I have problem to understand the operation of Synchronous generators. When we want to connect it to the line network, we have to regulate the excitation and angle-speed in order to satisfy correct line frequency and voltage value. This regulation is generally done in open-circuit mode.

Why is also important to accelerate the rotor before connect it to the line?

Acceleration is done to obtain correct angle between generated and terminal voltages. It’s linked to the torque applied to the rotor axis. It corresponds to the electrical power delivered to the load.

If we don’t accelerate rotor, does the terminal voltage fall far short than line voltage?

I have attached the schematic rappresentation of this kind of regulation.

Thanks a lot.

If you don't synchronize massive currents flow and trip everything out.

Consider two heavy pendulums connected by a thread - so long as they swing in time the
thread can allow one pendulum to impart mechnical force to the other (within limits).

If out of time the thread snaps immediately.

The current is sensitive to the moment-by-moment difference in voltage between the network
and generator terminals open-circuit. You want that current to be within the ratings of the
windings, and the voltage difference is small (much smaller than the line voltage) at all times.
Unless you synchronize frequency and match phase you can get full mains peak-peak voltage
across the winding resistance, causing tripping (perhaps 30 times normal load currents or more).

Furthermore you want the phases matched to make the generator a non-reactive power source
(which will automatically be the least voltage difference).

Thank so much.

I try to deepen your clear and appreciated explanation.

1. If I don’t accelerate the rotor after open-circuit regulation, can the Potier diagram appear like in the figure attached?

I have another question.

1. If the active electrical power ( prop. to BC line in the figure ) is linked to the torque applied to the rotor (and so the mechanical power), what is the origin (or conterpart) of the reactive power ( prop. to AC line )?

Well you'd have to explain each of the phasors and angles in the diagram first, and hope I am
willing to do your homework for you...

Sorry, if I have understand your reply I try to describe more in depth.

• Eo is the generated voltage in stator windings

• U* is the correct value of external voltage obtained if the rotor is accelerated (according to standard procedure). This is the same value obtained during regulation in open circuit condition.

• jXsI is the voltage in the inductances associated to synchronous reactance (in Behn Eschemburg model). This is oriented perpendicular to the current.

• U' is the external voltage produced without change rotor speed.

• The first diagram rappresents the regulation in open circuit mode.

• The secound one represents the correction obtained accelering the rotor (and so the external voltage appears the same in open circuit case). The Eo voltage is incremented by the major angolar speed; "delta" is load-angle (between Eo and U*).

• In third case I describe what I suppose. Generator is connected without accelering and it's supplied by the same excitation. I think that the current phase not change in this case, but we have minor module (because the generated voltage is the same as in open circuit mode).
Load angle is reduced (due to current module). So the U' (external voltage) is reduced respect the desired value.

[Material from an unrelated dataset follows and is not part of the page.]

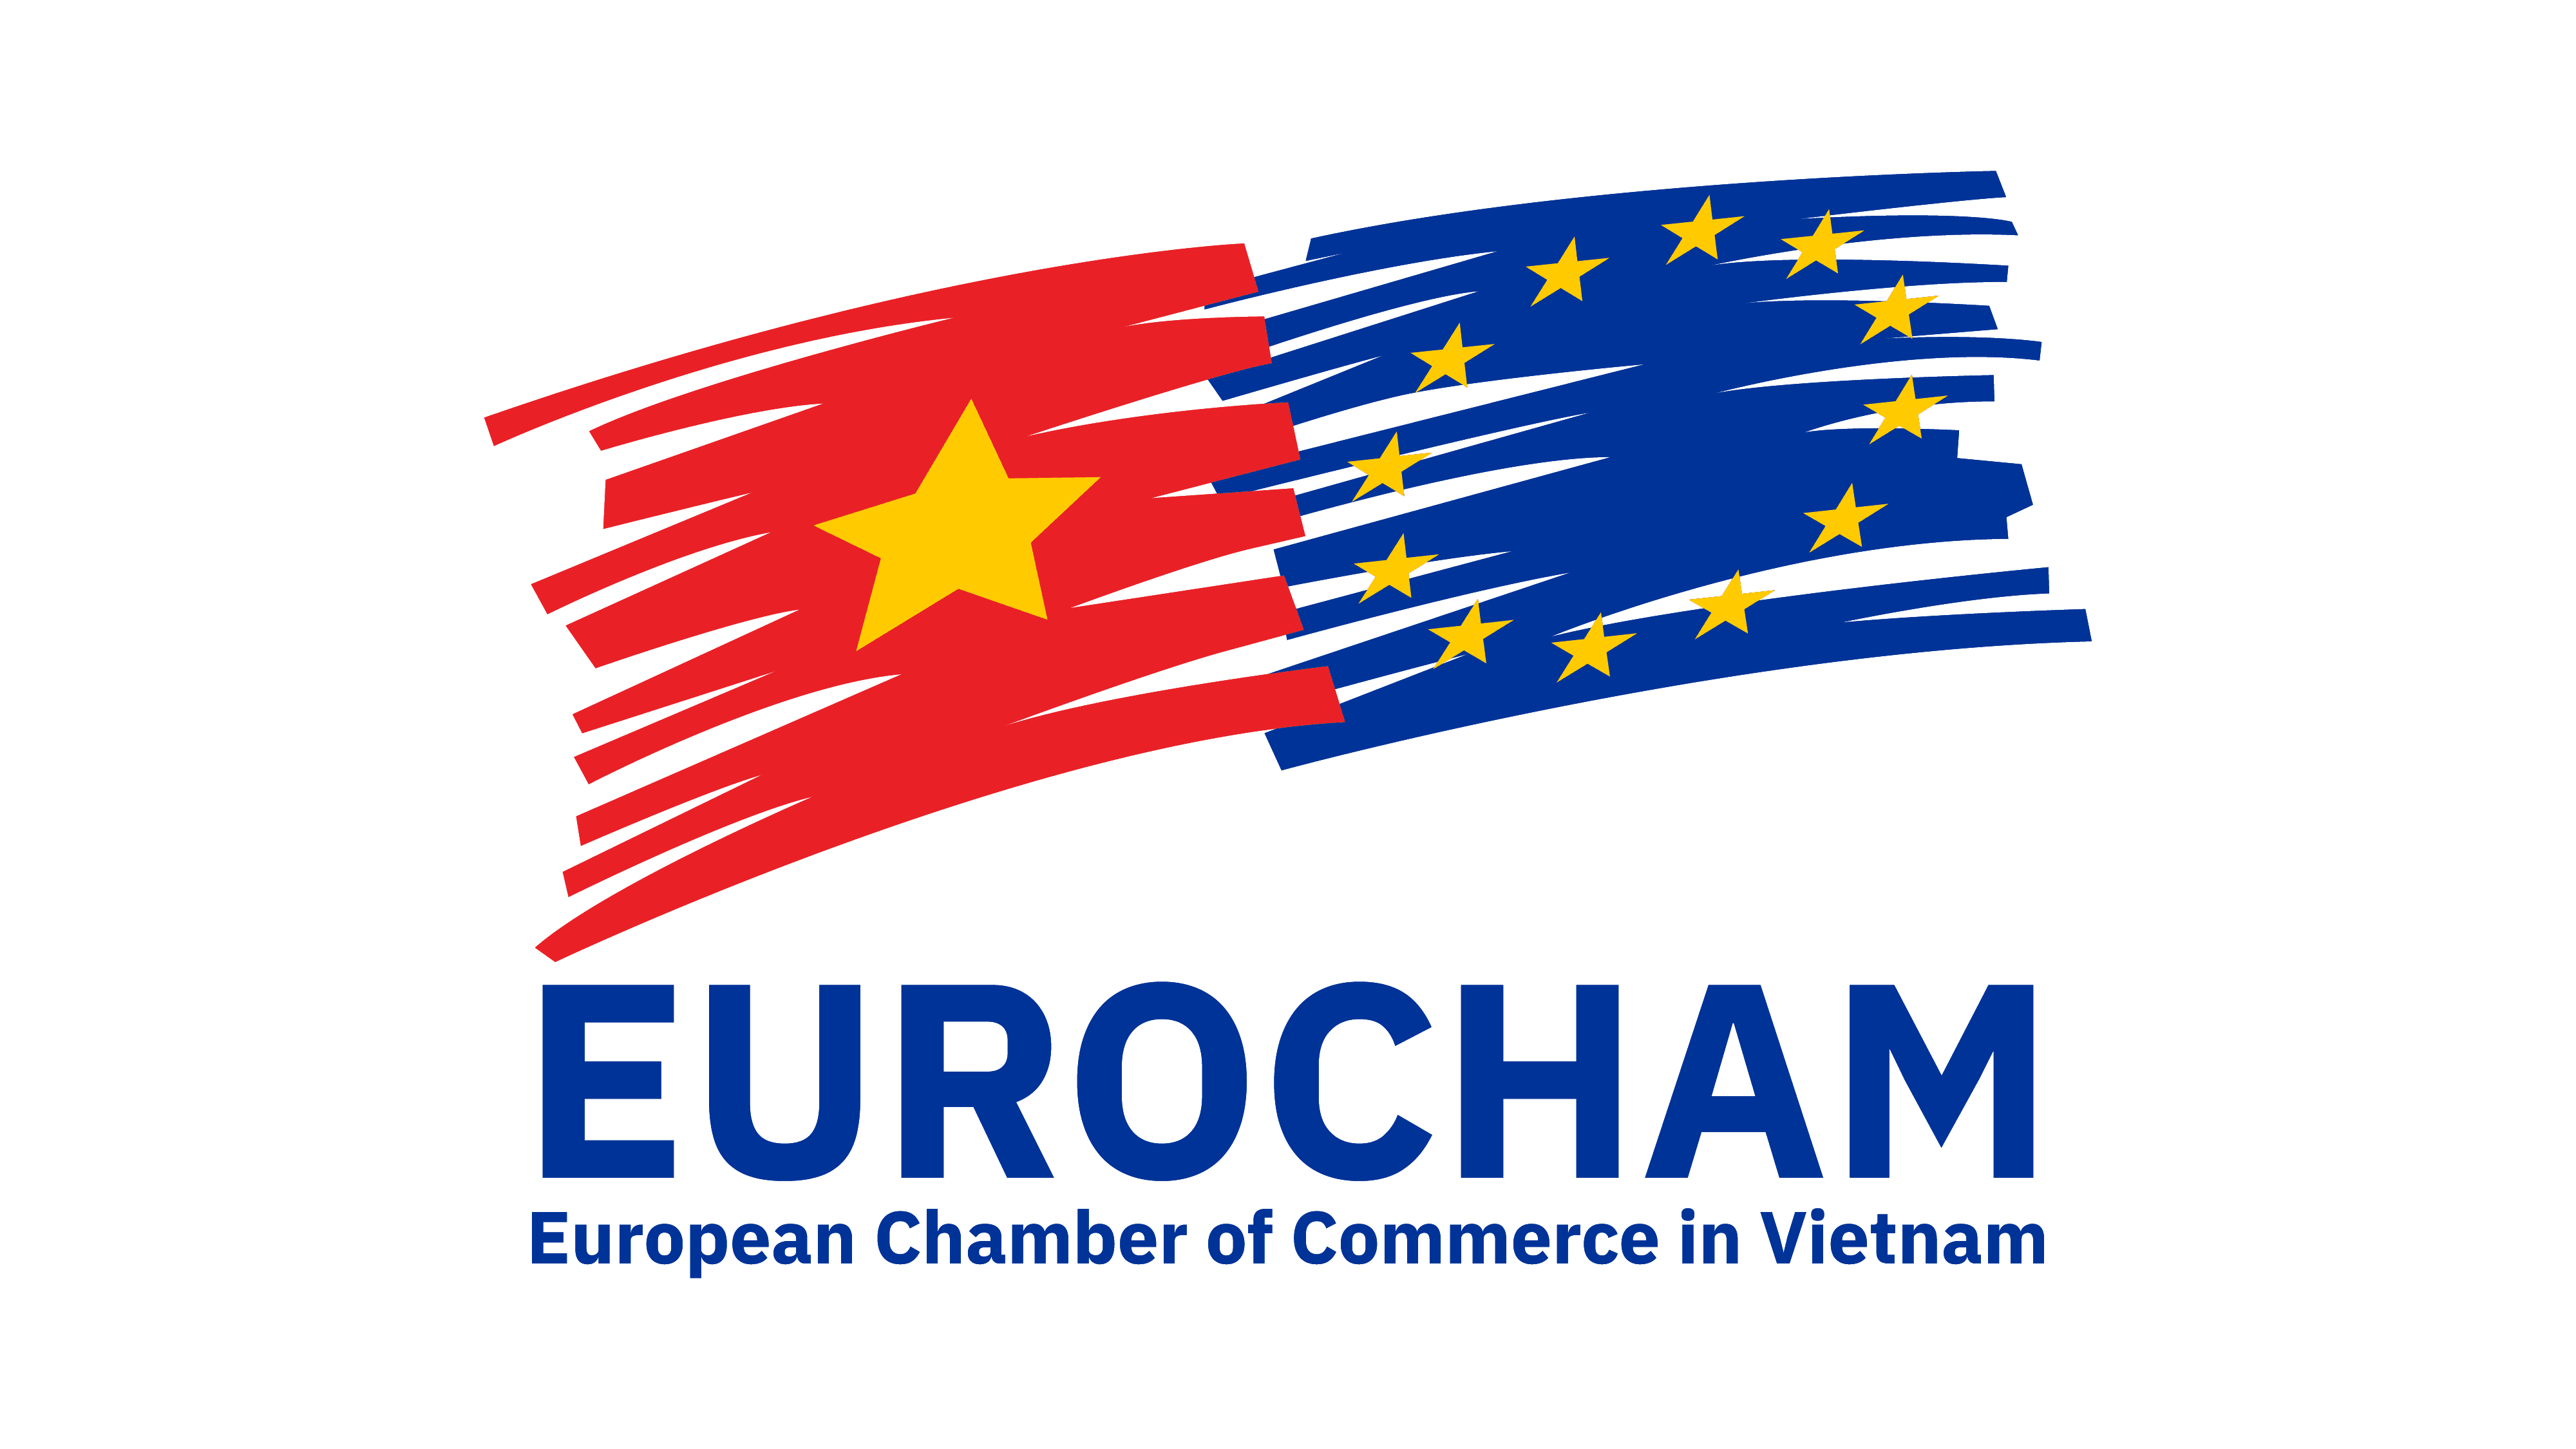 European Chamber of Commerce in Vietnam (EUROCHAM)

I think you know more than me about this particular setup - I would have expected reactances to
be minimal in an efficient generator and all the phasors to pretty much lineup...

I think you are making the problem more complicated than it really is.

You have a power system running at 50 or 60 Hz and a synchronous machine which you want to connect to it.

First requirement— Bring the incoming generator up to synchronous speed, ie the speed at which it runs when connected to the power system. This will have to be done by adjusting the speed of the prime mover to which the generator is connected (engine, waterwheel, whatever)

Second requirement— adjust the incoming generator voltage to equal the power system voltage. This is not as critical as speed; I would be happy within a few percent and after you are synchronized trim it to get the desired kvar.

Third requirement— You will need a synchroscope or oscilloscope to do this so I will assume a synchroscope. this instrument has dial and clock type hand which indicates the phase difference between the incoming generator and the power system; when the difference is 0 the hand is at 12 o’clock. So bump the speed a bit up or down to get the phase difference to 0 then close the breaker and you’re done!

Now adjust the generator excitation to set the required kvar and the prime mover regulator to get the required kw.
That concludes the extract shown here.